The Guyana national rugby union team represents Guyana in the sport of rugby union. They have thus far not qualified for a Rugby World Cup, but have participated in qualifying tournaments.

History
Guyana made their international debut in Georgetown in 1979 in a match against Bermuda, which Bermuda won. They played Bermuda again in 1981 in the Port of Spain. The team got their first win in 1999 in Georgetown, defeating Martinique seven points to three. The team competed in the Americas qualifying tournaments for qualification for the 2003 Rugby World Cup in Australia, including fixtures against Cayman Islands.

Guyana competes in the Caribbean Championship, a tournament which includes Antigua, Trinidad and Tobago, the Cayman Islands, Jamaica, the Bahamas, British Virgin Islands, and Bermuda.
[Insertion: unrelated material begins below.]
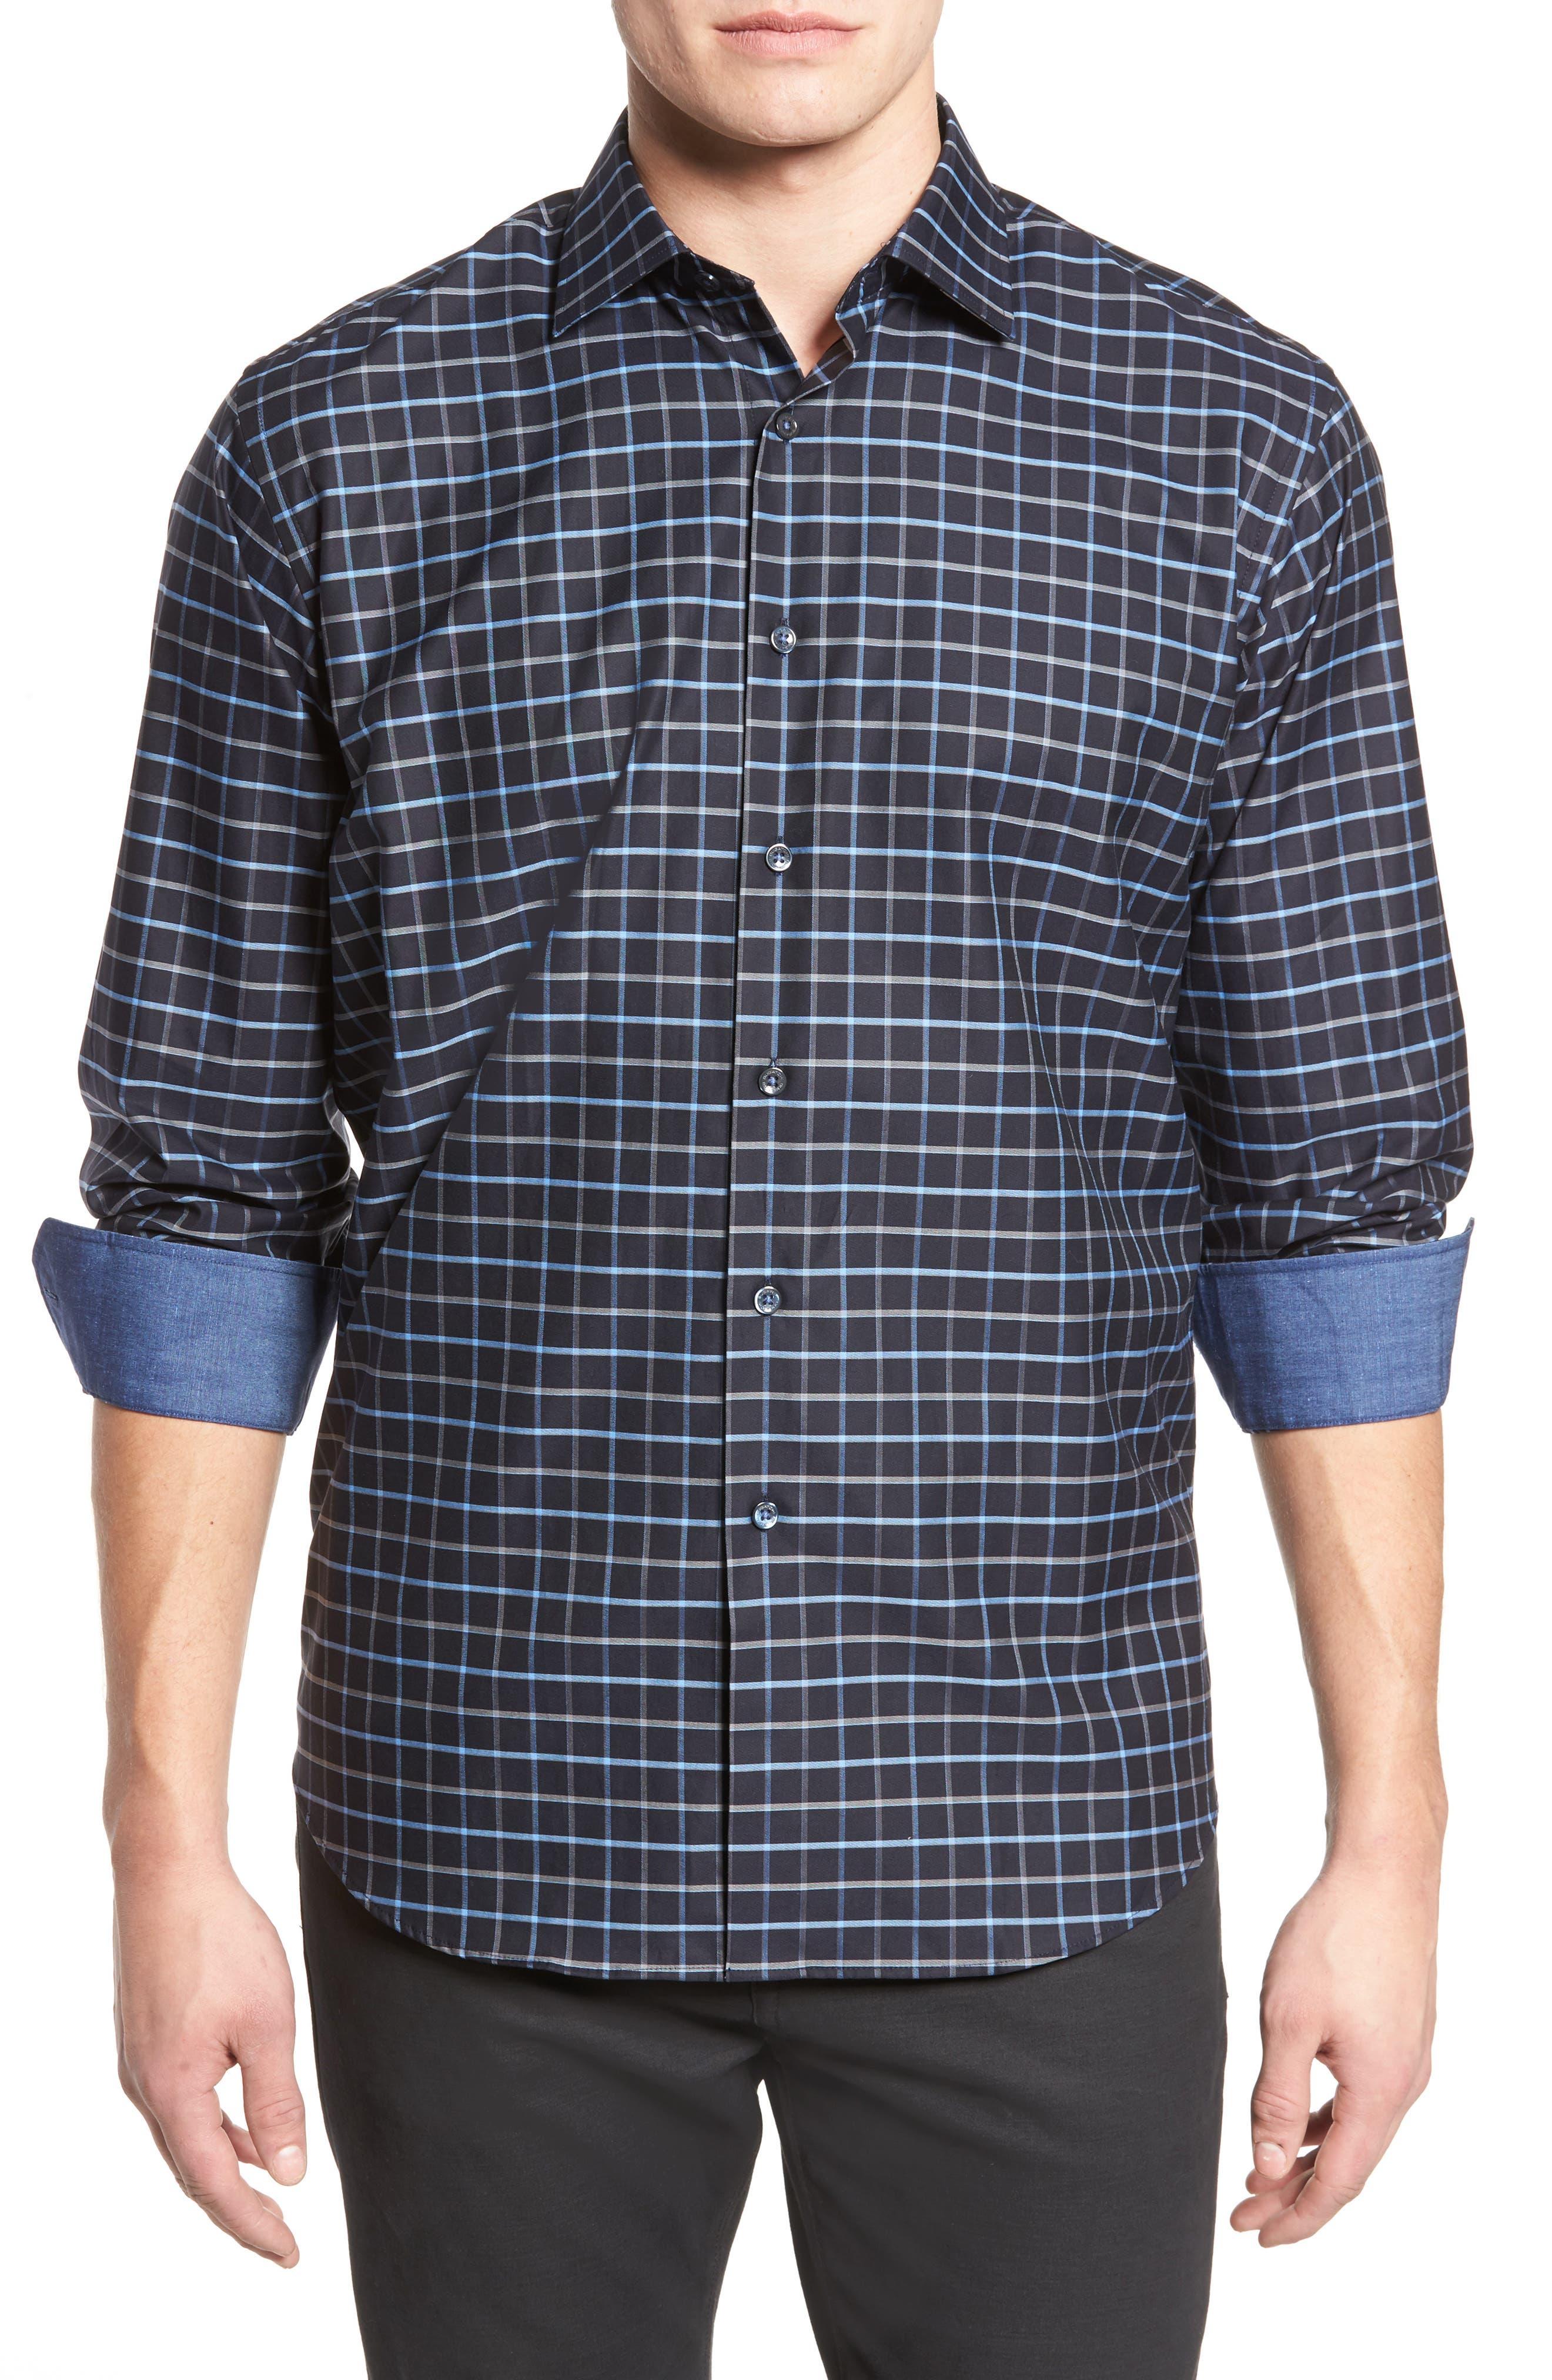 Alternate Image 1 Selected - Bugatchi Classic Fit Grid Print Sport Shirt

Guyana attempted to qualify for the 2007 Rugby World Cup in France in 2005, contesting the Americas tournament in Round 1a. Guyana were grouped in the South Pool, alongside Barbados, Trinidad and Tobago and Saint Lucia. Guyana won two of their three fixtures, finishing in second place in the final standings.

In 2003, Guyana's u-18 team won the Caribbean championship and went on to win it the following two years, losing it to Jamaica on points in Guyana in 2006 and losing in the final of the u-20 World Cup qualifier in the Cayman Islands 2007 to Jamaica, who won on drop goals after the match went tied after extra time.

Guyana will participate in the 2010 Commonwealth Games in Delhi, having won the NACRA qualifying tournament in Mexico in November 2009. The side was captained by Claudius Butts, with Theodore Henry taking over when Butts was injured in the buildup to Mexico.

The side are currently coached by Larry Adonis and Clinton Clarke, with West Indies coach Joe Whipple acting as a technical director.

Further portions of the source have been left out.